Annotation of the most severe consequence known will typically be of interest:
##
## 5_prime_UTR_variant intron_variant splice_region_variant
## 1 98 1
There is variability in the structure of data returned for each query.
## [[1]]
## consequence_terms impact regulatory_feature_id biotype variant_allele
## 1 regulato.... MODIFIER ENSR22_5.... CTCF_bin.... T
Furthermore, the content of the motif feature consequences field seems very peculiar.
## < table of extent 0 >
We’ll consider the following approach to converting the API response to a GenomicRanges GRanges instance. Eventually this may become part of the package.
library(GenomicRanges)
.make_GRanges = function( vep_response ) {
stopifnot(inherits(vep_response, "response")) # httr
nested = fromJSON(toJSON(content(vep_response)))
ini = GRanges(seqnames = unlist(nested$seq_region_name),
IRanges(start=unlist(nested$start), end=unlist(nested$end)))
dr = match(c("seq_region_name", "start", "end"), names(nested))
mcols(ini) = DataFrame(nested[,-dr])
ini
}
tstg = .make_GRanges( res )
tstg[,1] # full print is unwieldy
## GRanges object with 100 ranges and 1 metadata column:
## seqnames ranges strand | input
## <Rle> <IRanges> <Rle> | <list>
## [1] 22 50300078 * | 22 50300078 rs741029..
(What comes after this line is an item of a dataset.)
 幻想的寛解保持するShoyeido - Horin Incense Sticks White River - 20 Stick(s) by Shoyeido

## [2] 22 50300086 * | 22 50300086 rs147922..
## [3] 22 50300101 * | 22 50300101 rs114143..
## [4] 22 50300113 * | 22 50300113 rs141778..
## [5] 22 50300166 * | 22 50300166 rs182170..
## ... ... ... ... . ...
## [96] 22 50304748 * | 22 50304748 rs141641..
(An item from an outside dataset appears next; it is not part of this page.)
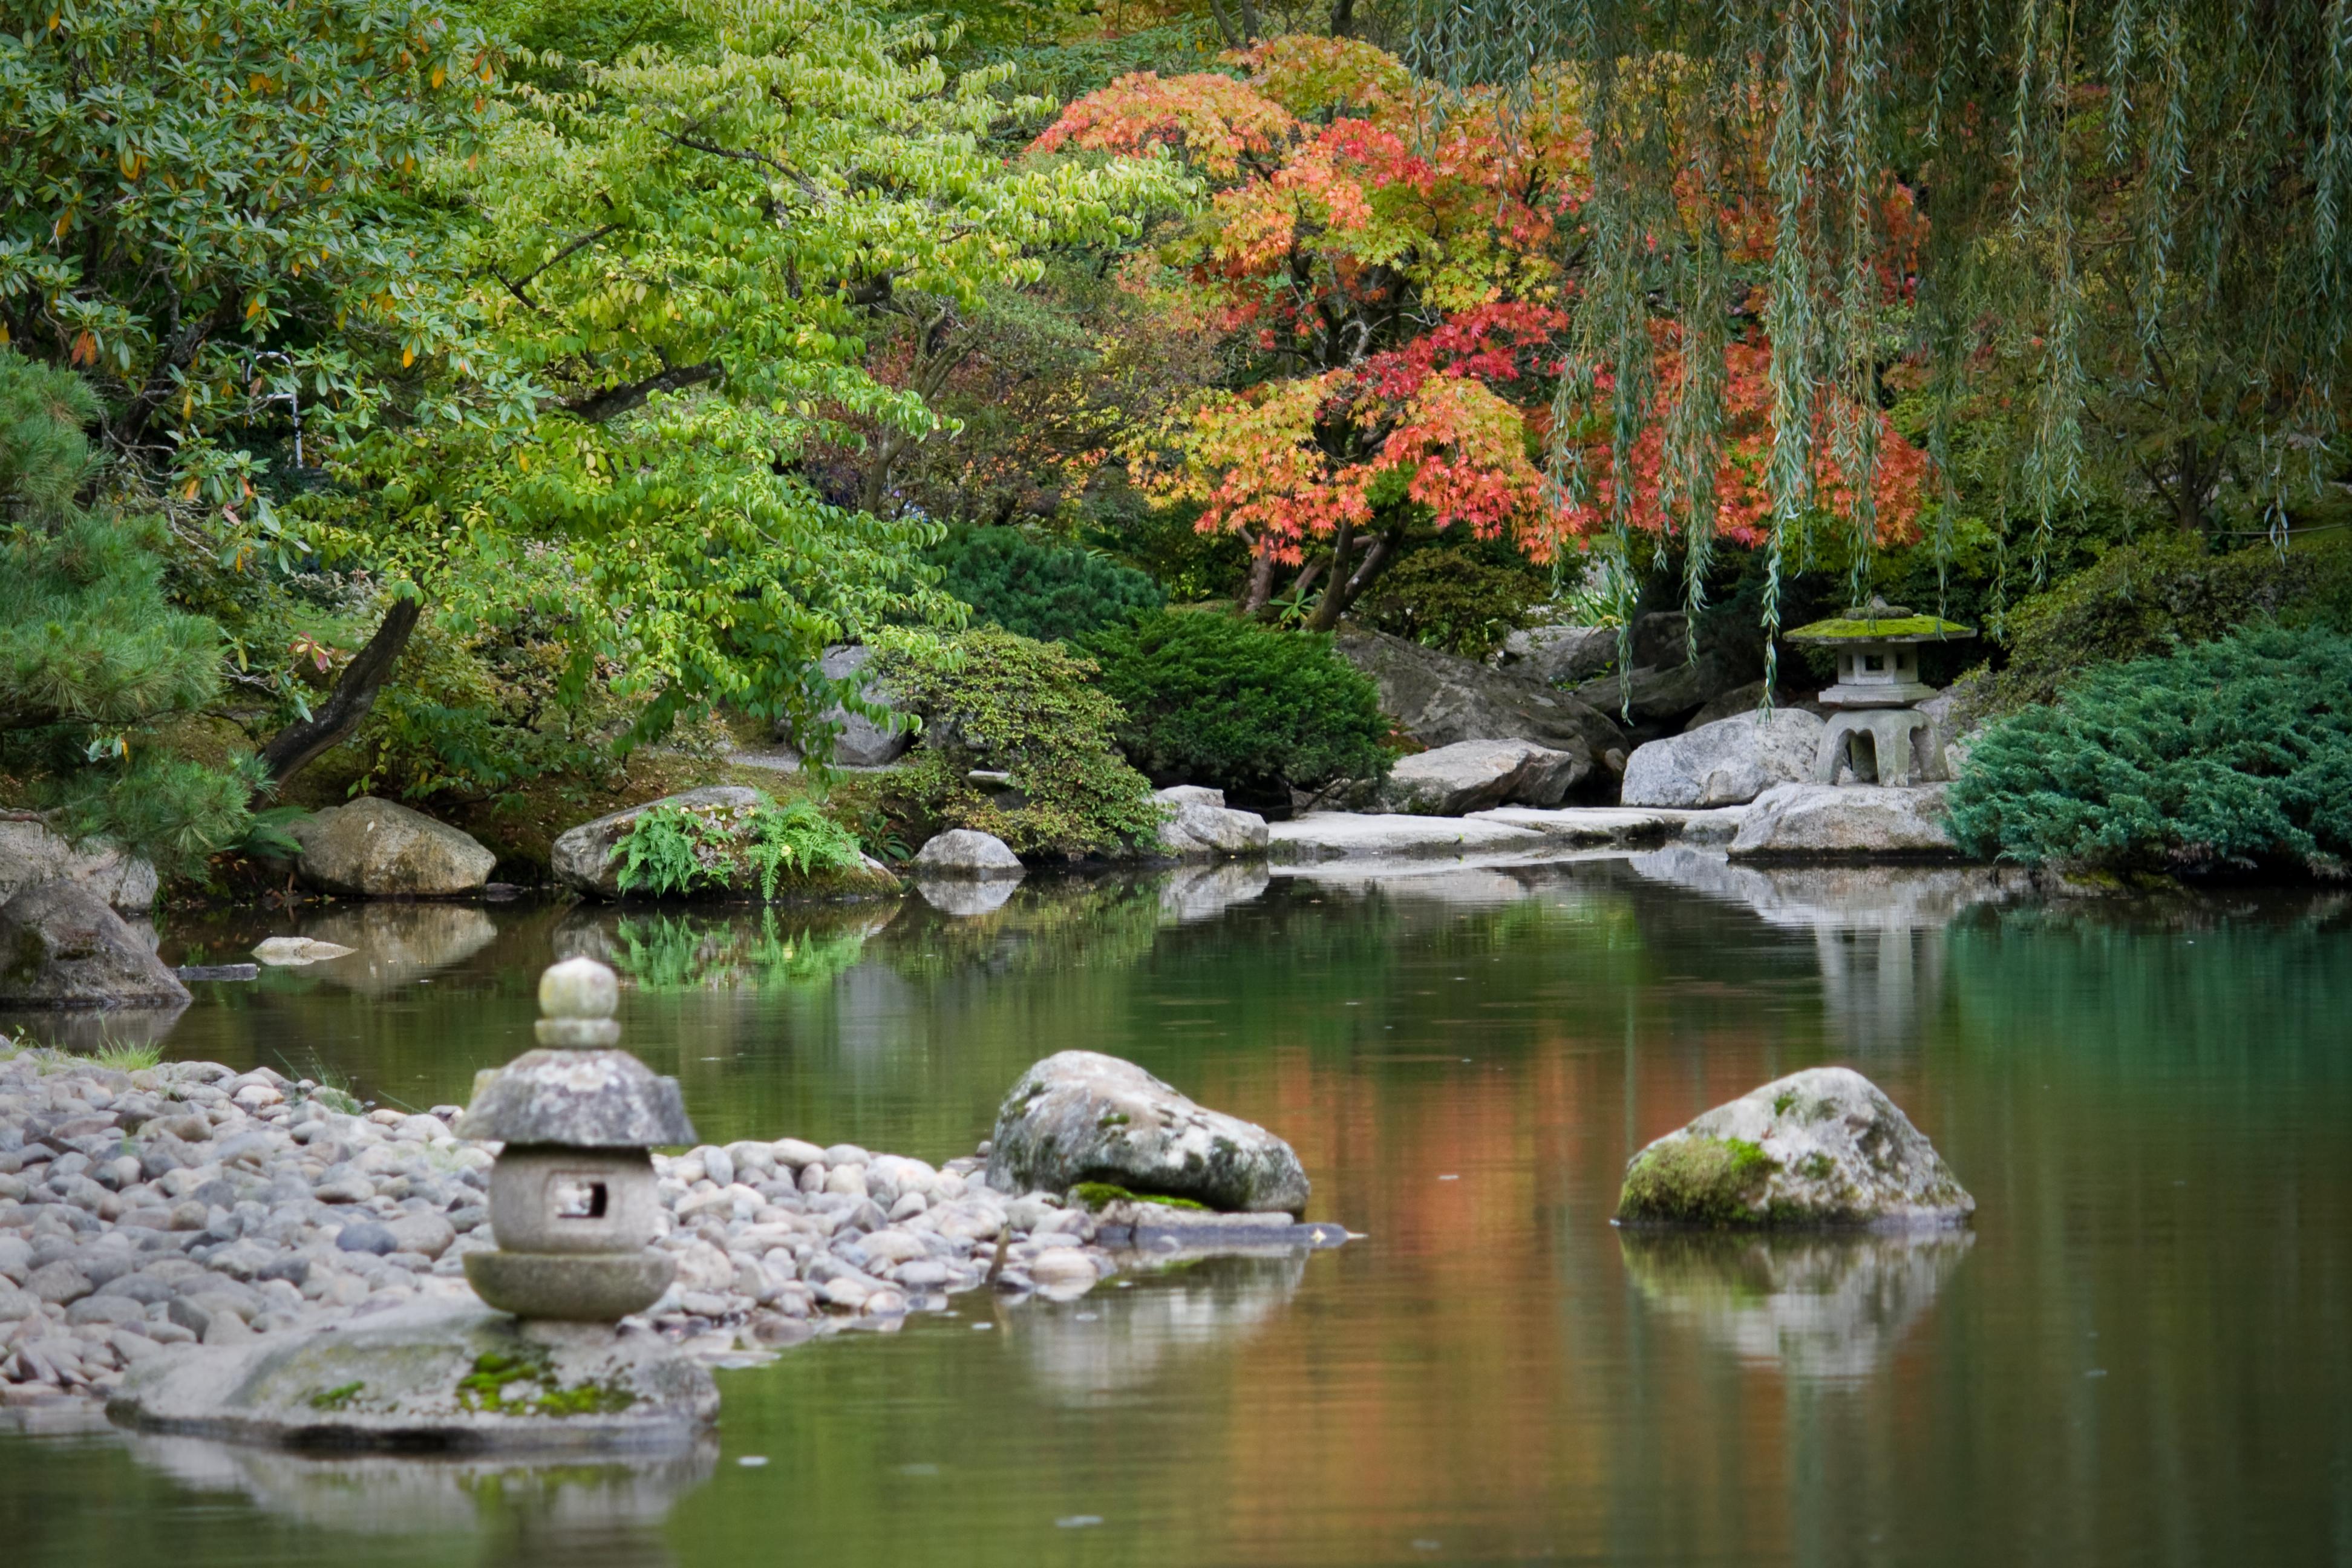 Zen Garden Photography 2953278296 1997d11f8d o jpgZen Garden Photography

## [97] 22 50304805 * | 22 50304805 rs761151..
## [98] 22 50304935 * | 22 50304935 rs121677..
## [99] 22 50304943 * | 22 50304943 rs186556..
## [100] 22 50305084 * | 22 50305084 rs116244..
## -------
## seqinfo: 1 sequence from an unspecified genome; no seqlengths
## [1] "input" "allele_string"
## [3] "assembly_name" "most_severe_consequence"
## [5] "id" "transcript_consequences"
## [7] "strand" "colocated_variants"
## [9] "regulatory_feature_consequences"
Now information about variants can be retrieved with range operations. Deep annotation requires nested structure of the metadata columns.
## [[1]]
## consequence_terms impact hgnc_id variant_allele gene_symbol_source
## 1 intron_v.... MODIFIER HGNC:9104 G HGNC
## 2 intron_v.... MODIFIER HGNC:9104 G HGNC
## 3 intron_v.... MODIFIER HGNC:9104 G HGNC
## 4 intron_v.... MODIFIER HGNC:9104 G HGNC
## gene_symbol transcript_id gene_id biotype strand flags
## 1 PLXNB2 ENST0000.... ENSG0000.... protein_.... -1
## 2 PLXNB2 ENST0000.... ENSG0000.... protein_.... -1 cds_end_NF
## 3 PLXNB2 ENST0000.... ENSG0000.... protein_.... -1 cds_end_NF
## 4 PLXNB2 ENST0000.... ENSG0000.... protein_.... -1
An important element of prior work in ensemblVEP supports feeding annotation back into the VCF used to generate the effect prediction query. This seems feasible but concrete use cases are of interest.